Data provided
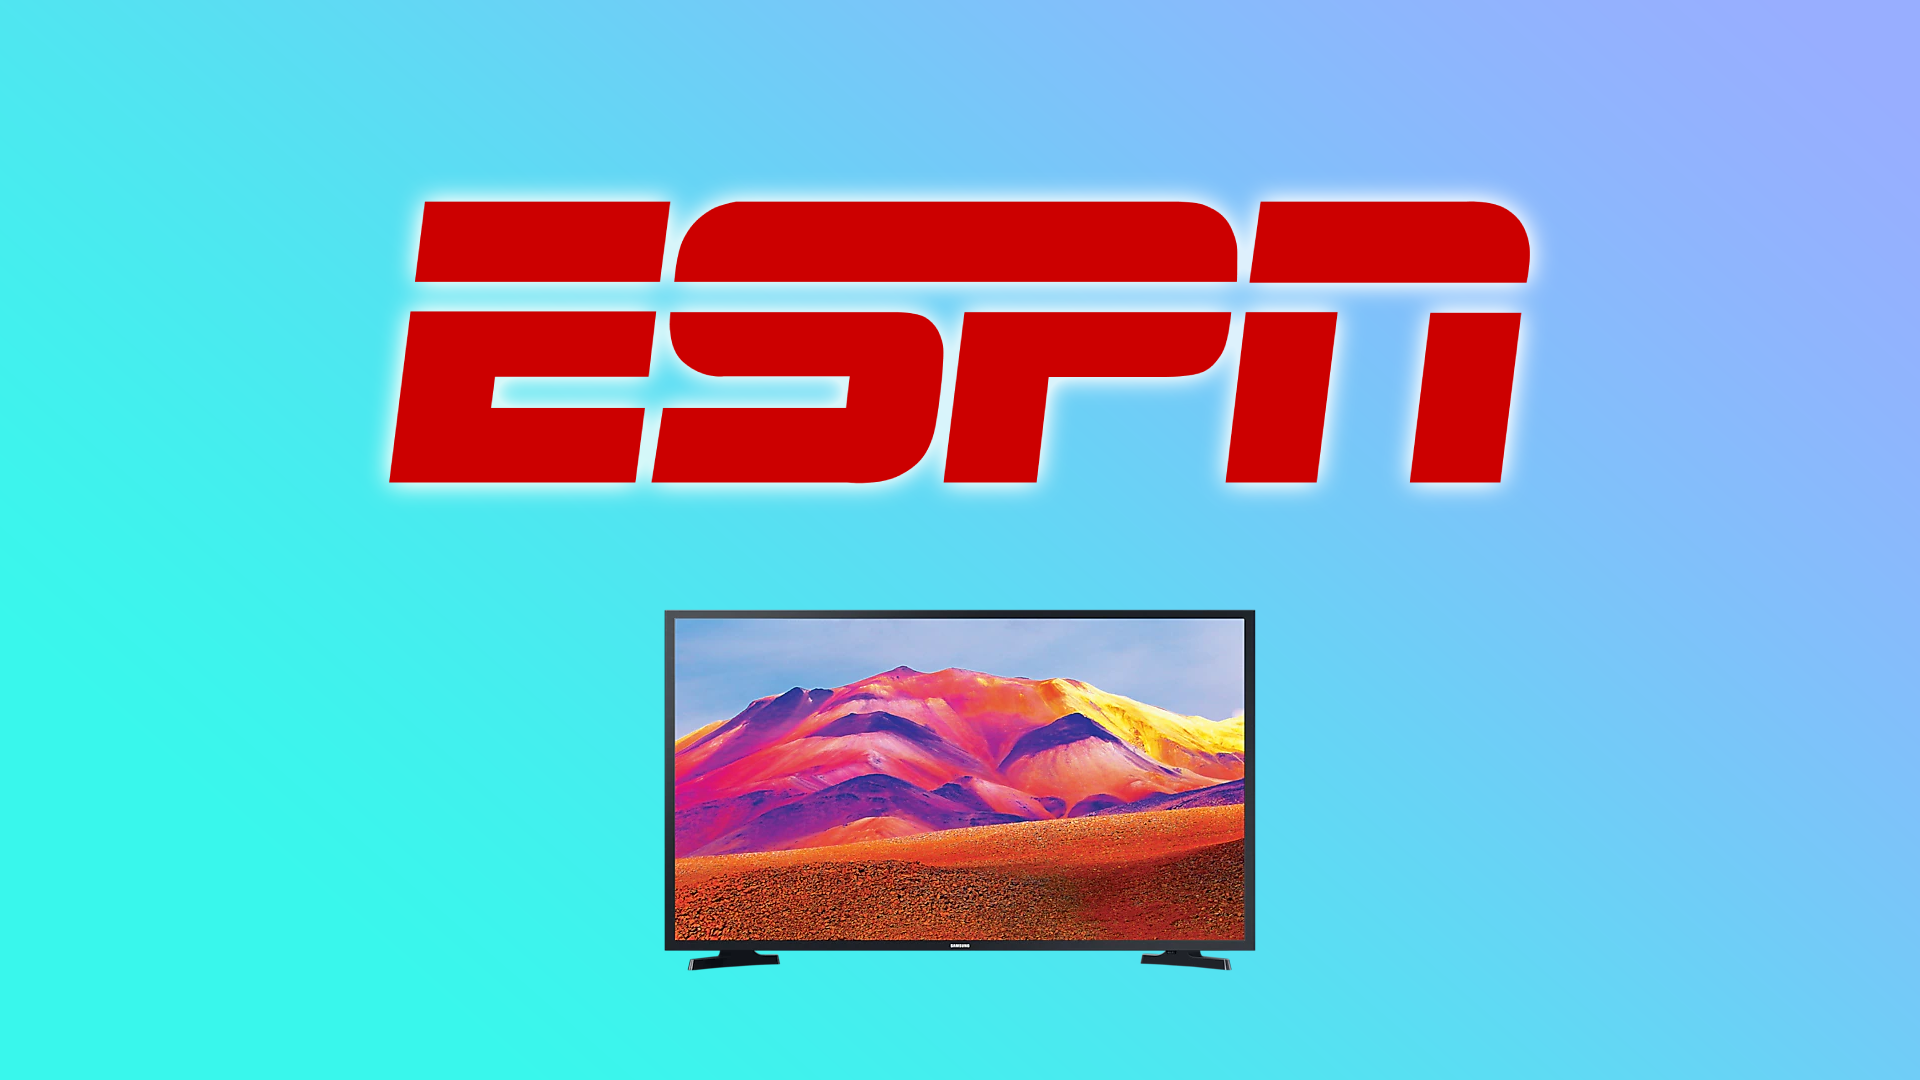 How to turn off subtitles on the ESPN app on Samsung TV
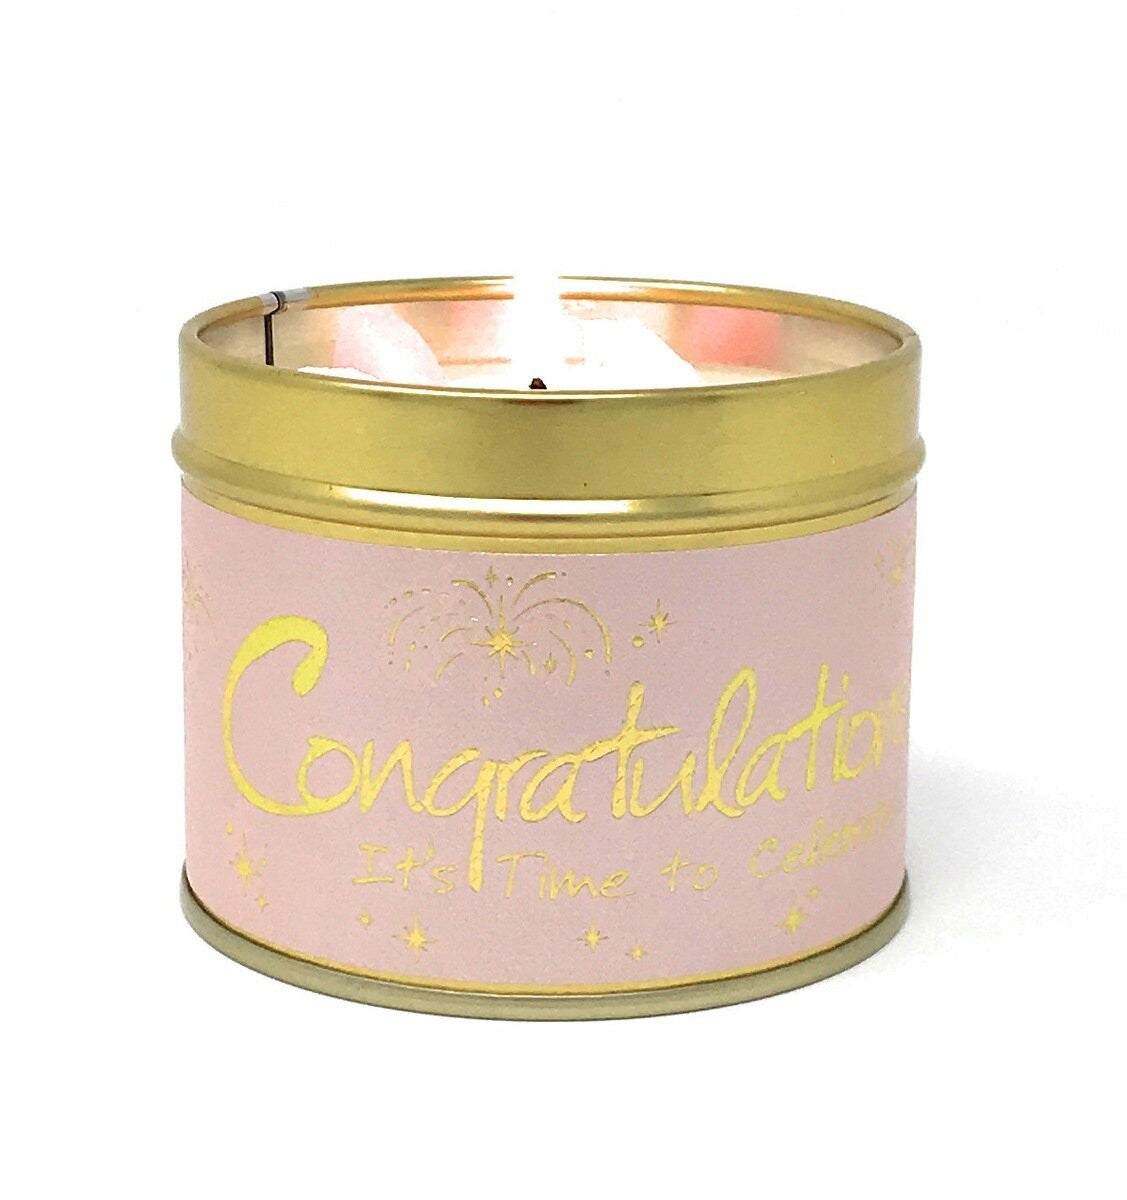 Congratulations! Scented Candle from Lily-Flame. Handmade in England
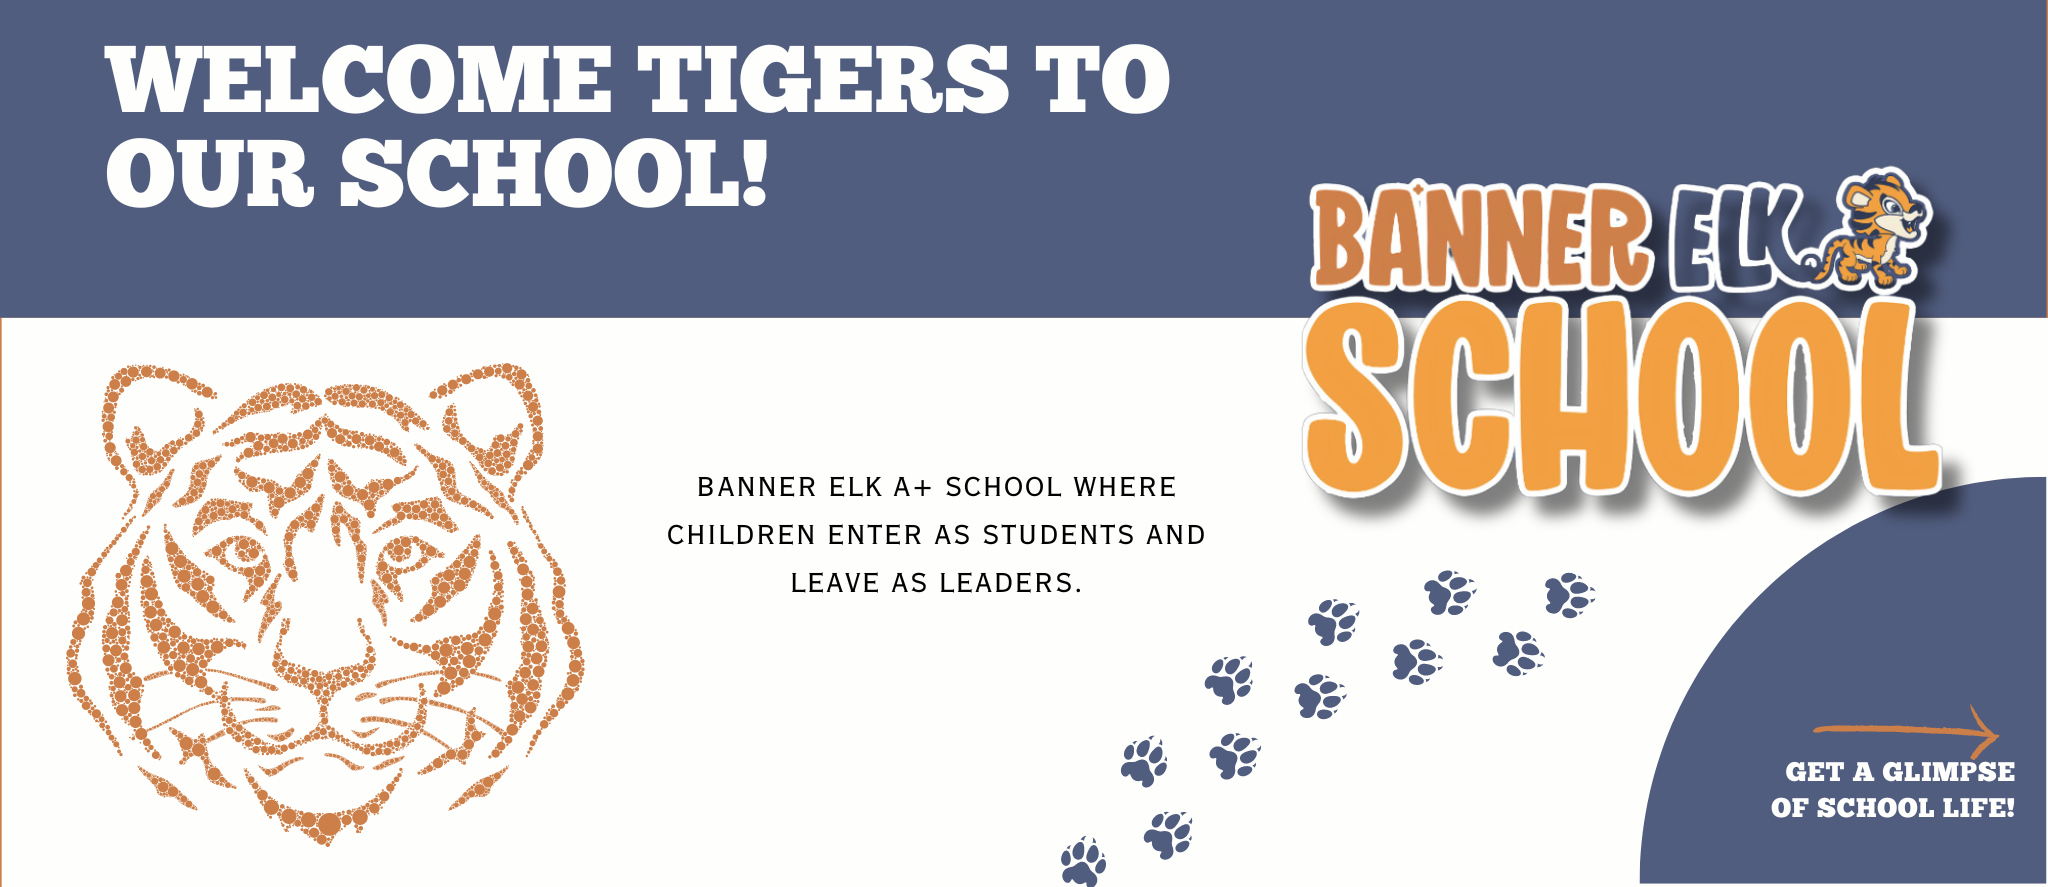 Welcome Tigers to our school!
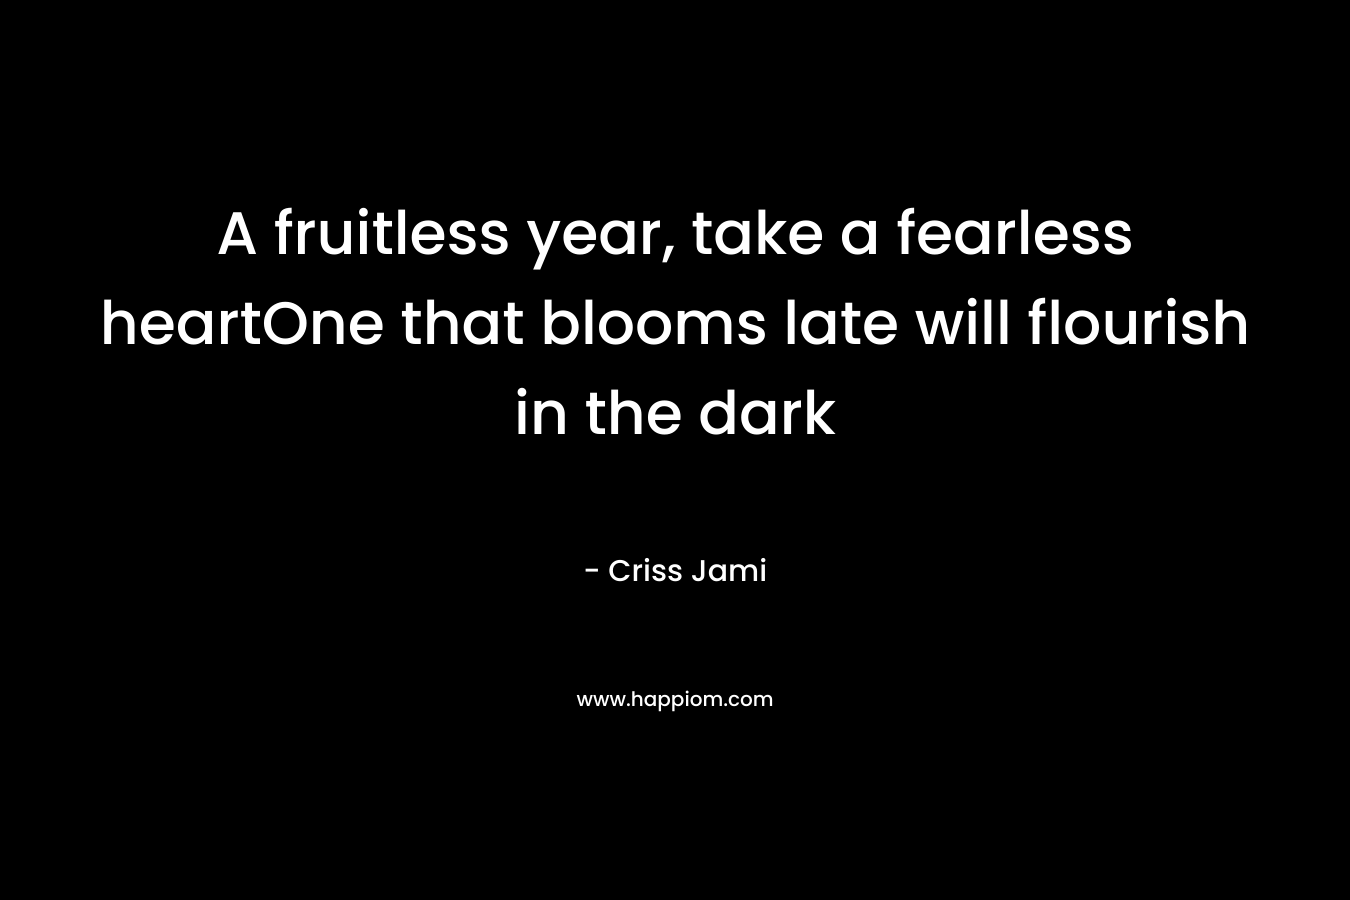 A fruitless year, take a fearless heartOne that blooms late will flourish in the dark – Criss Jami

What you should do
Nothing but the lines from the line with "Congratulations! Scented Candle" through the last line of the listing should be copied, exactly and with both ends kept. Leave pictures out.

Answer for the task
 Congratulations! Scented Candle from Lily-Flame. Handmade in England
 Welcome Tigers to our school!
 A fruitless year, take a fearless heartOne that blooms late will flourish in the dark – Criss Jami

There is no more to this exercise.